_What this task involves_
In your copy of the data, include no pictures and alter nothing else.

_Source material_
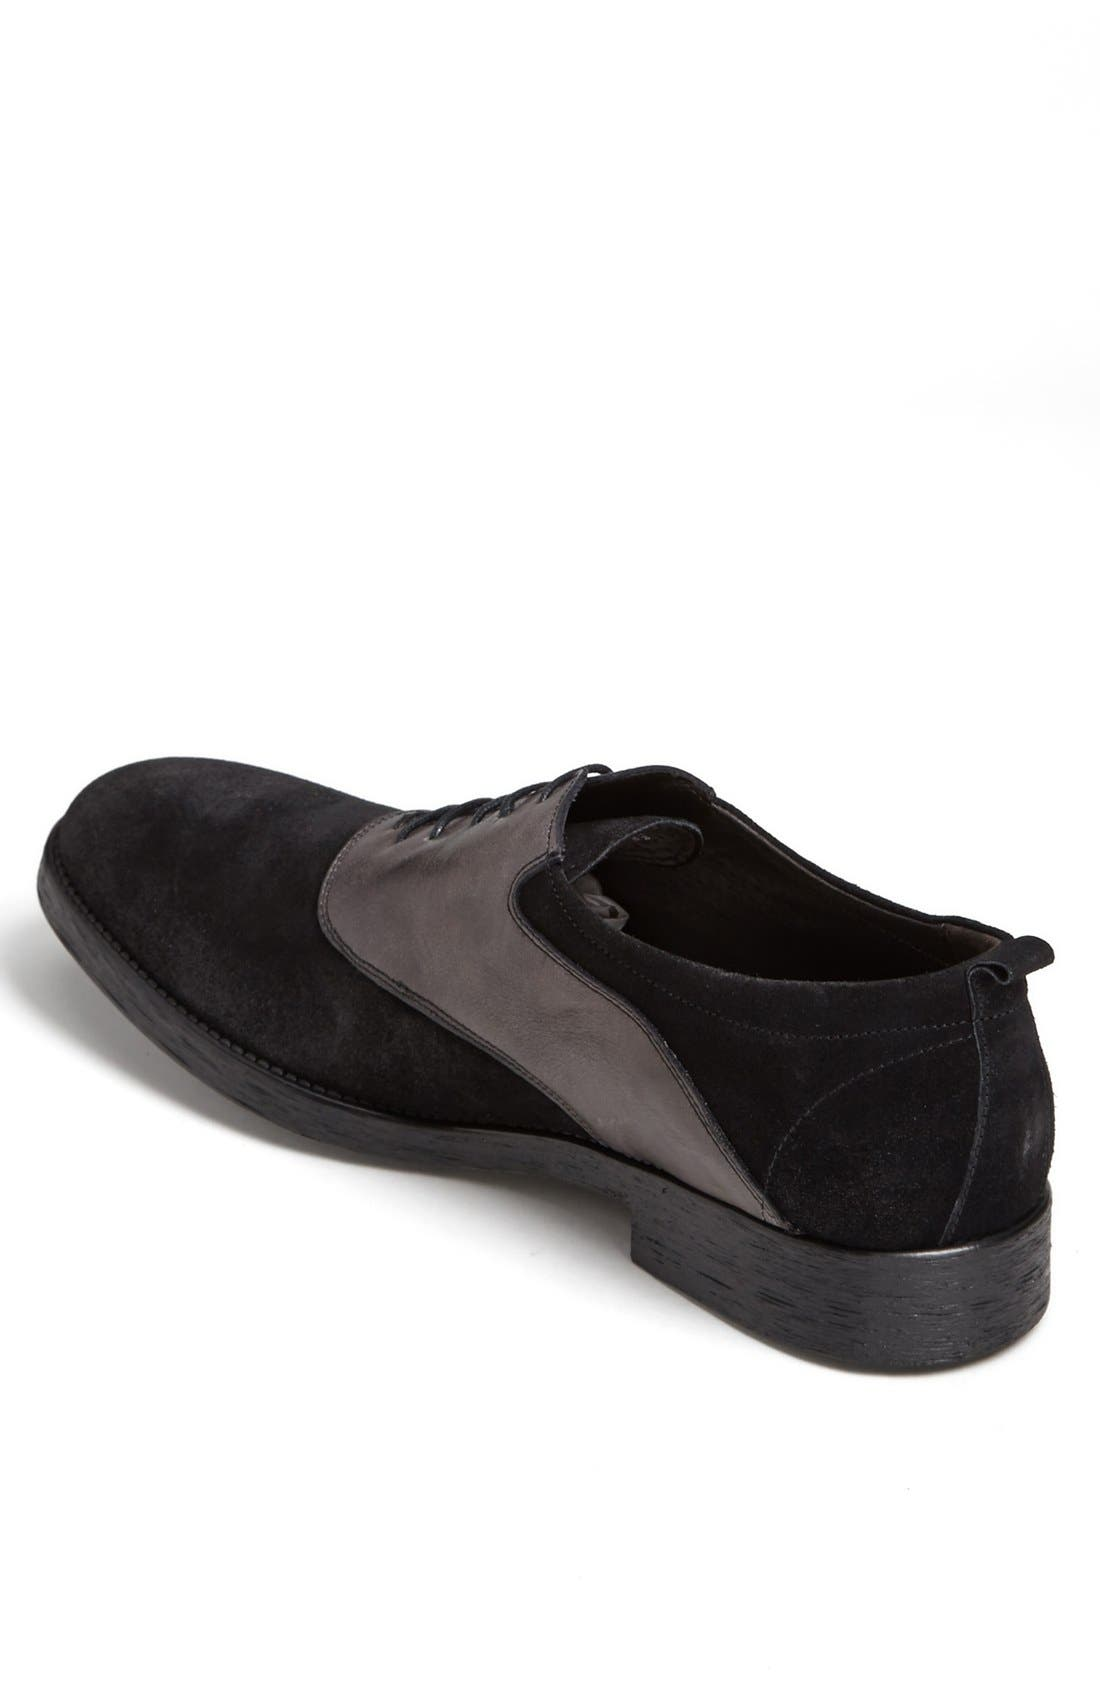 Alternate Image 2  - Wallin & Bros. 'Jacobs' Saddle Shoe
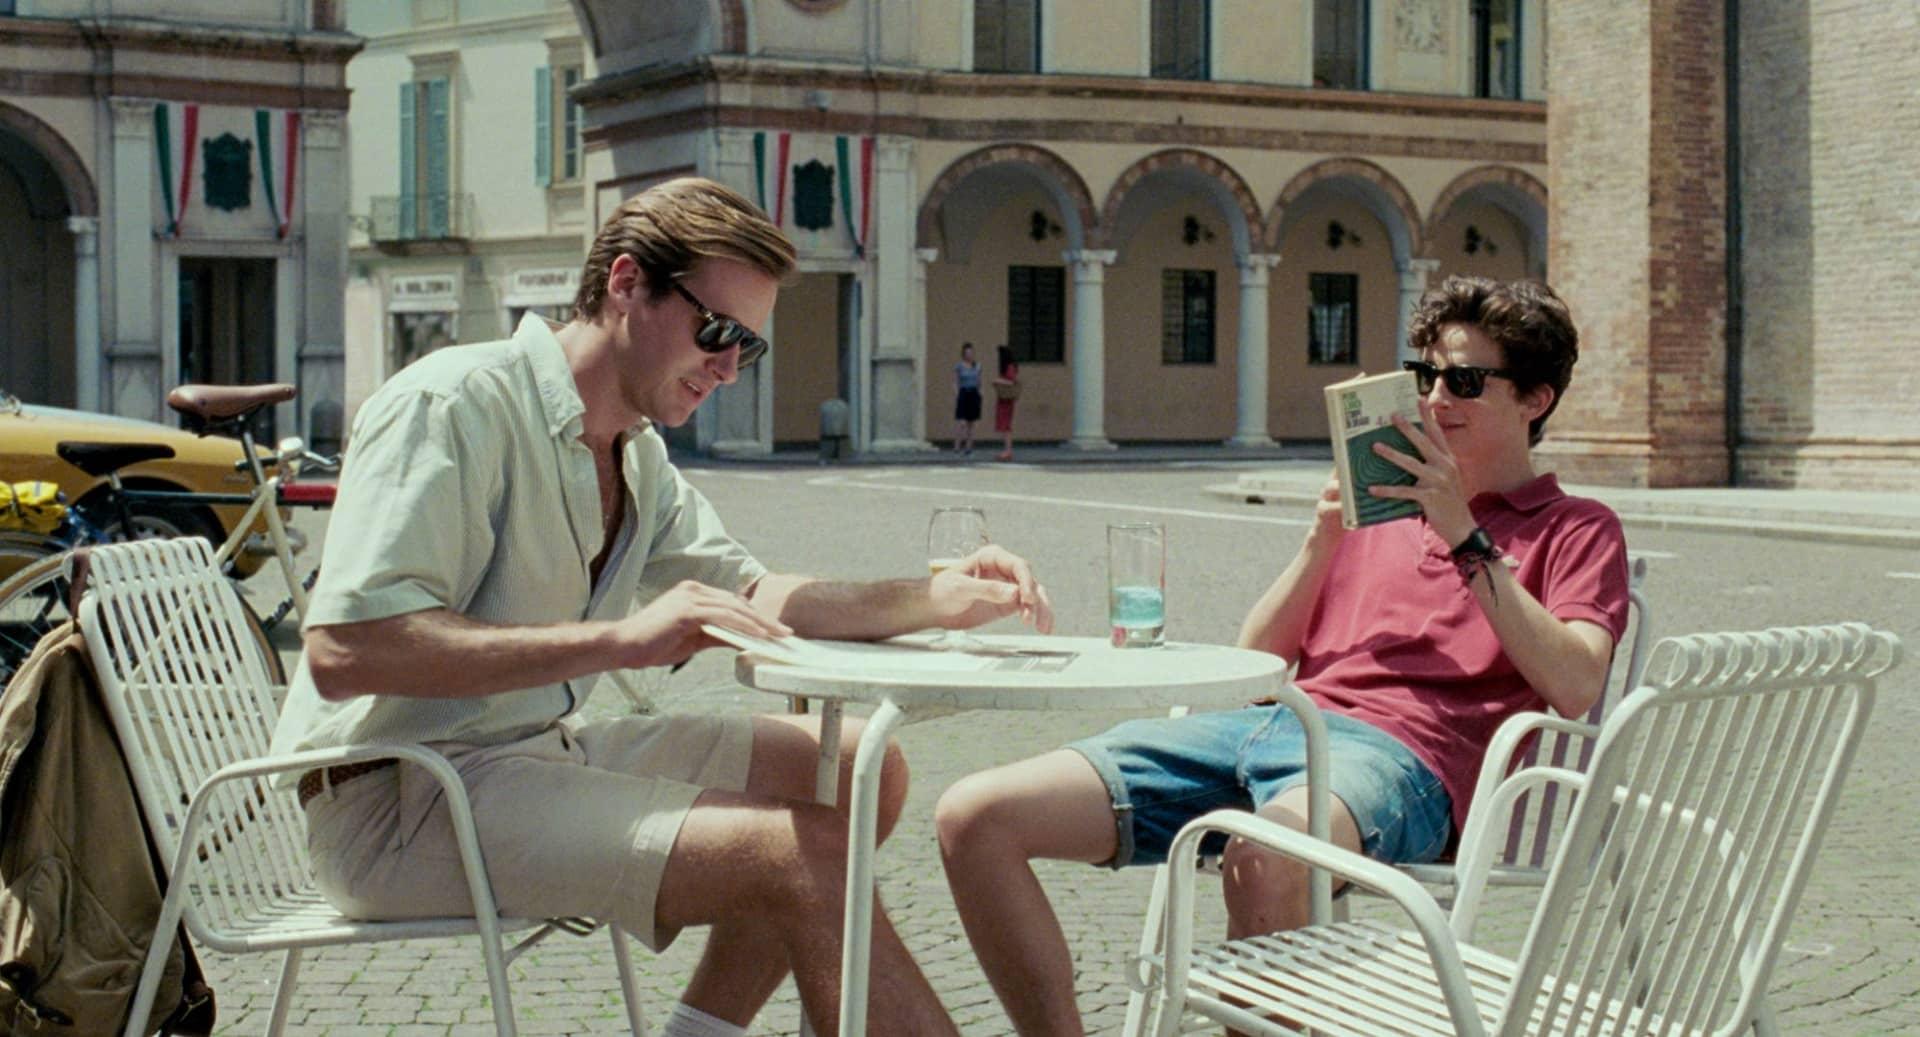 Venerdi 21 Settembre sui canali Sky Cinema HD
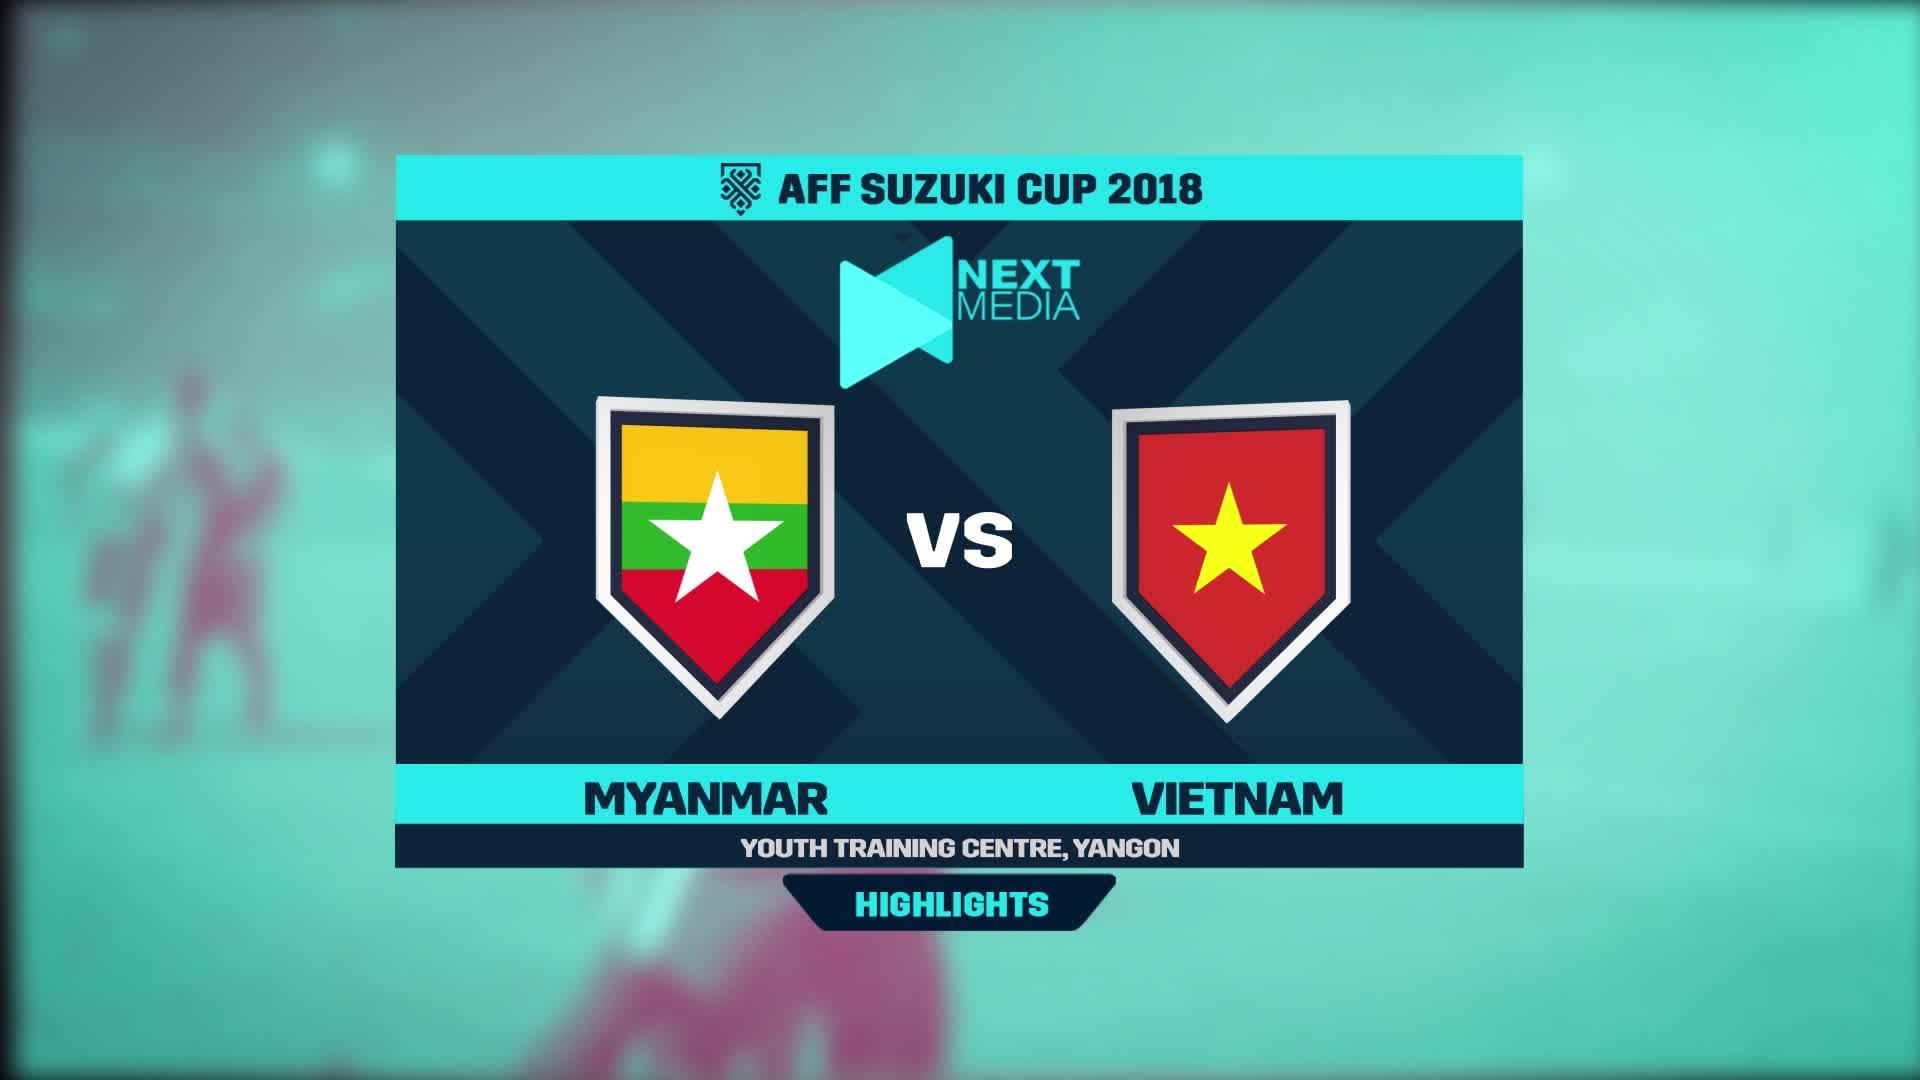 myanmar-0-0-viet-nam-highlights-bang-a-aff-cup-2018-1542720712432894679097-5f81d.jpg
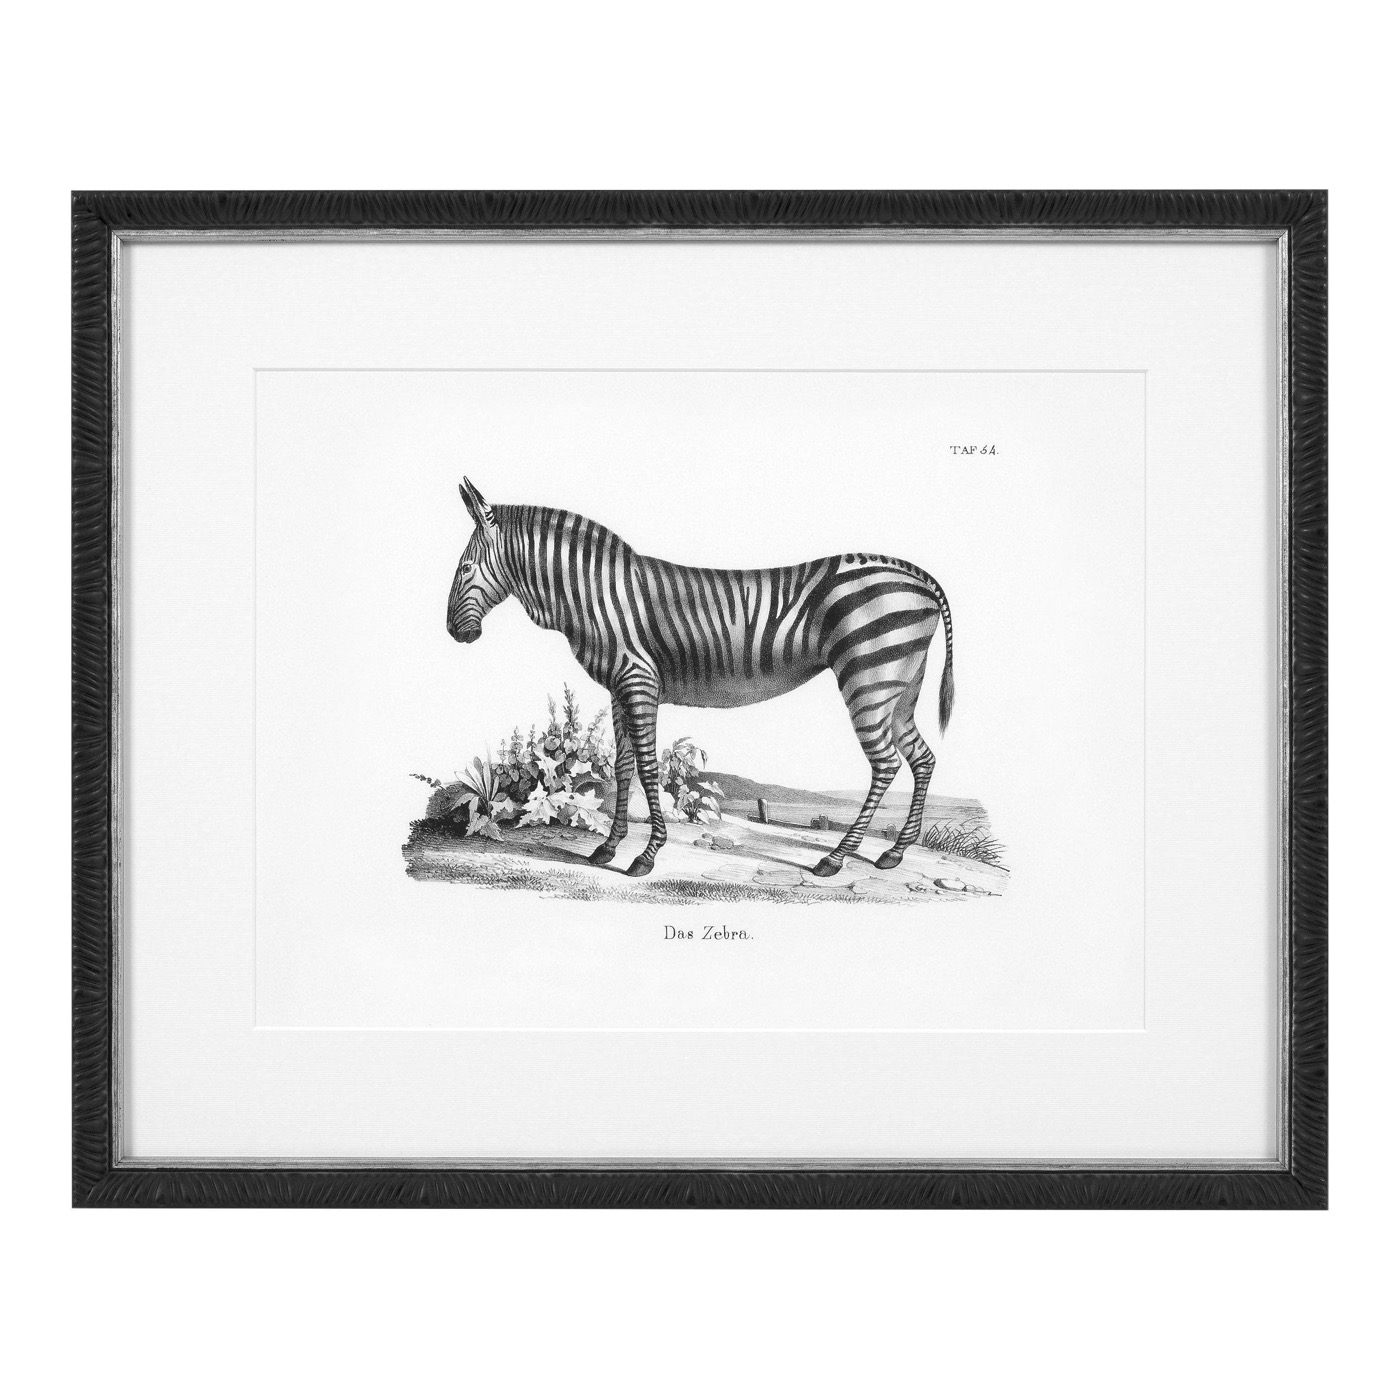 Zoology Animal Prints | Set of 6

_Answer space_
 Alternate Image 2  - Wallin & Bros. 'Jacobs' Saddle Shoe
 Venerdi 21 Settembre sui canali Sky Cinema HD
 myanmar-0-0-viet-nam-highlights-bang-a-aff-cup-2018-1542720712432894679097-5f81d.jpg
 Zoology Animal Prints | Set of 6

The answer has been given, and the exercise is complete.